● **INPUT DATA**
::::::::
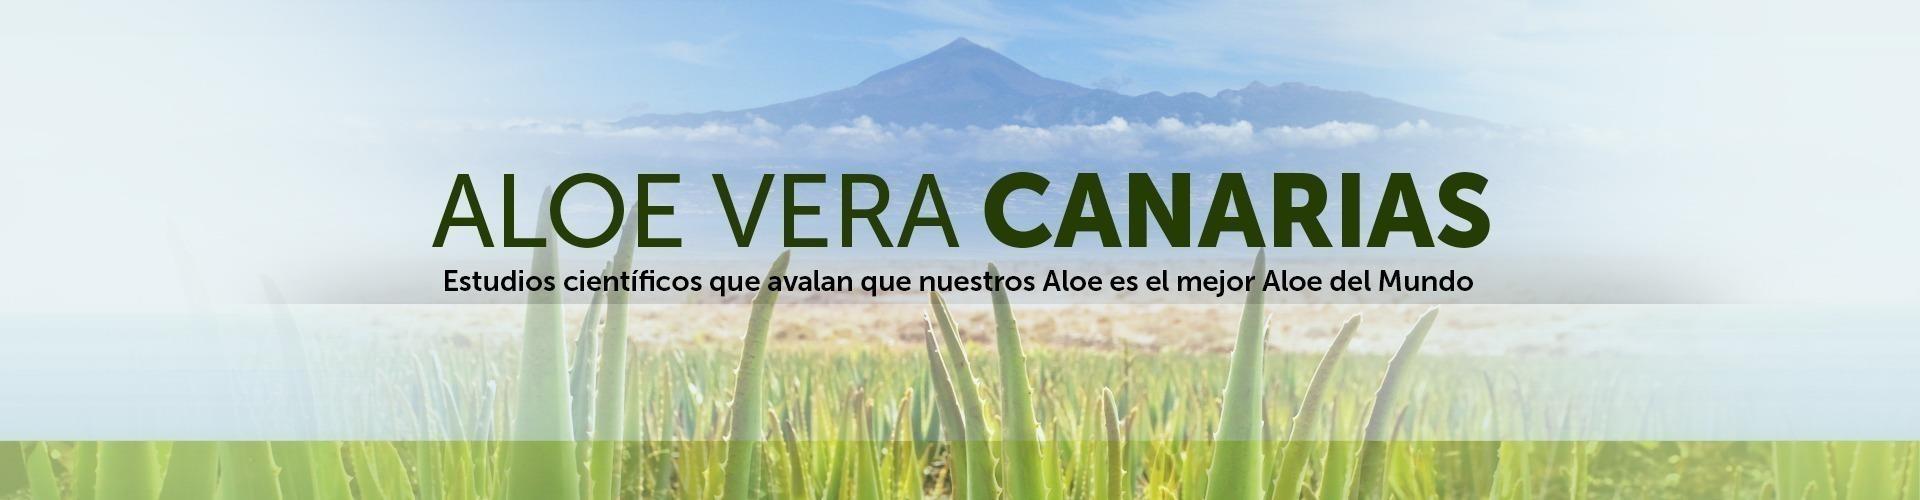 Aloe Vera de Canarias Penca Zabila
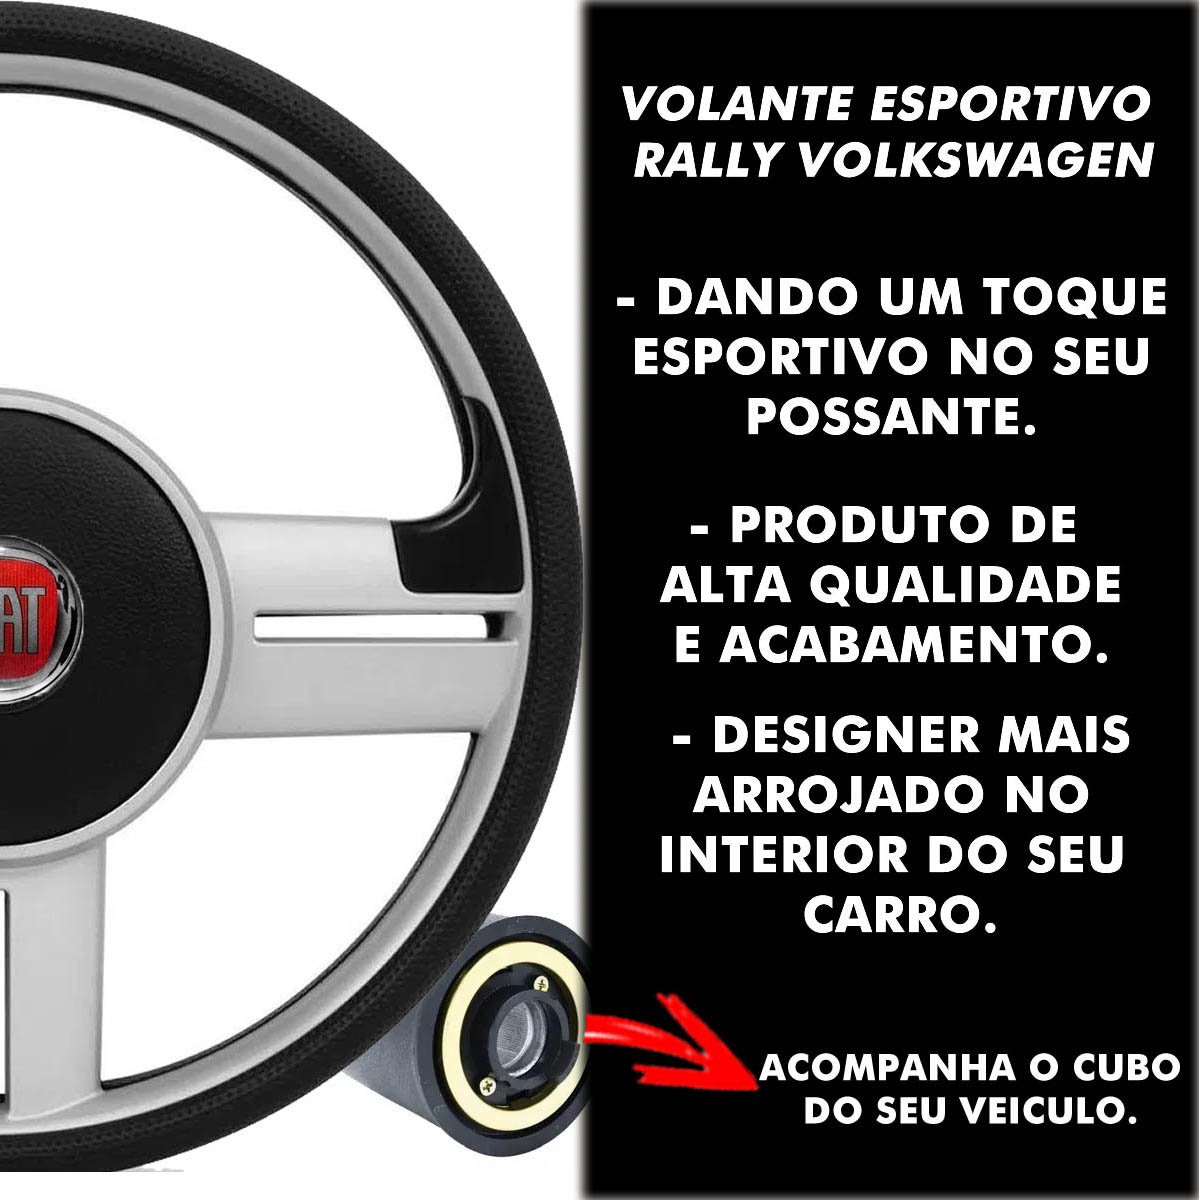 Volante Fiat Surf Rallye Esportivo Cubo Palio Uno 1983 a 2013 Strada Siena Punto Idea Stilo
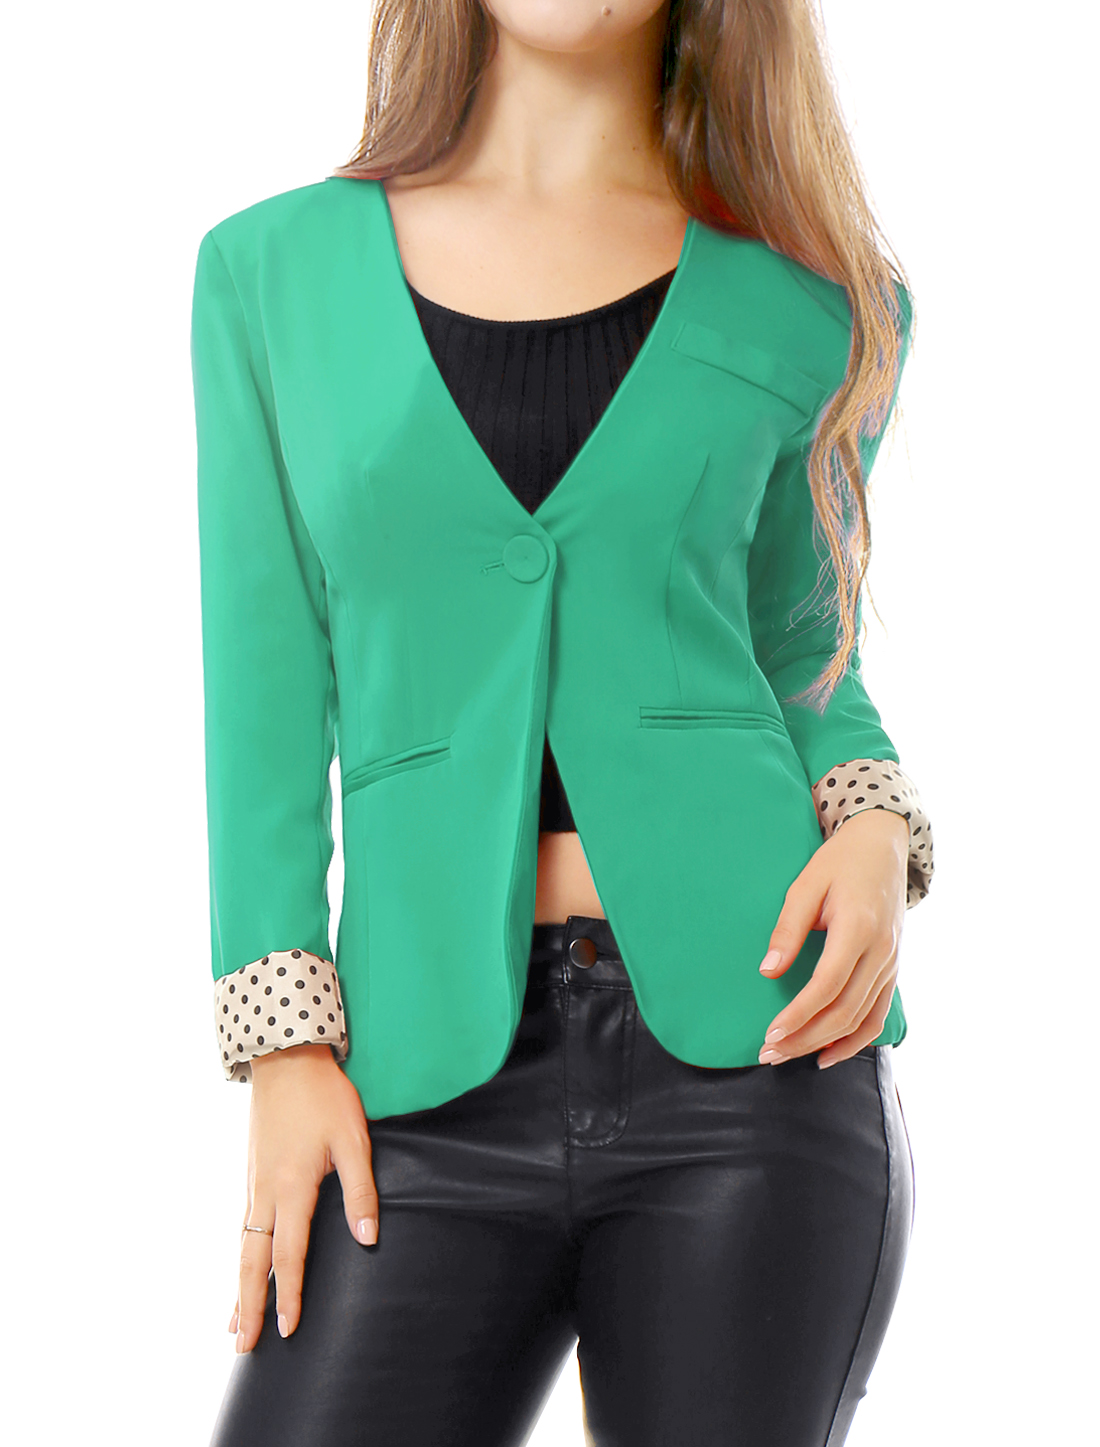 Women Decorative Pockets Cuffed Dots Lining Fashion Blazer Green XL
::::::::
● **PROBLEM REQUIREMENTS**
What's needed is a word-for-word retyping of the listing, minus its pictures.

● **ANSWER BOX**
 Aloe Vera de Canarias Penca Zabila
 Volante Fiat Surf Rallye Esportivo Cubo Palio Uno 1983 a 2013 Strada Siena Punto Idea Stilo
 Women Decorative Pockets Cuffed Dots Lining Fashion Blazer Green XL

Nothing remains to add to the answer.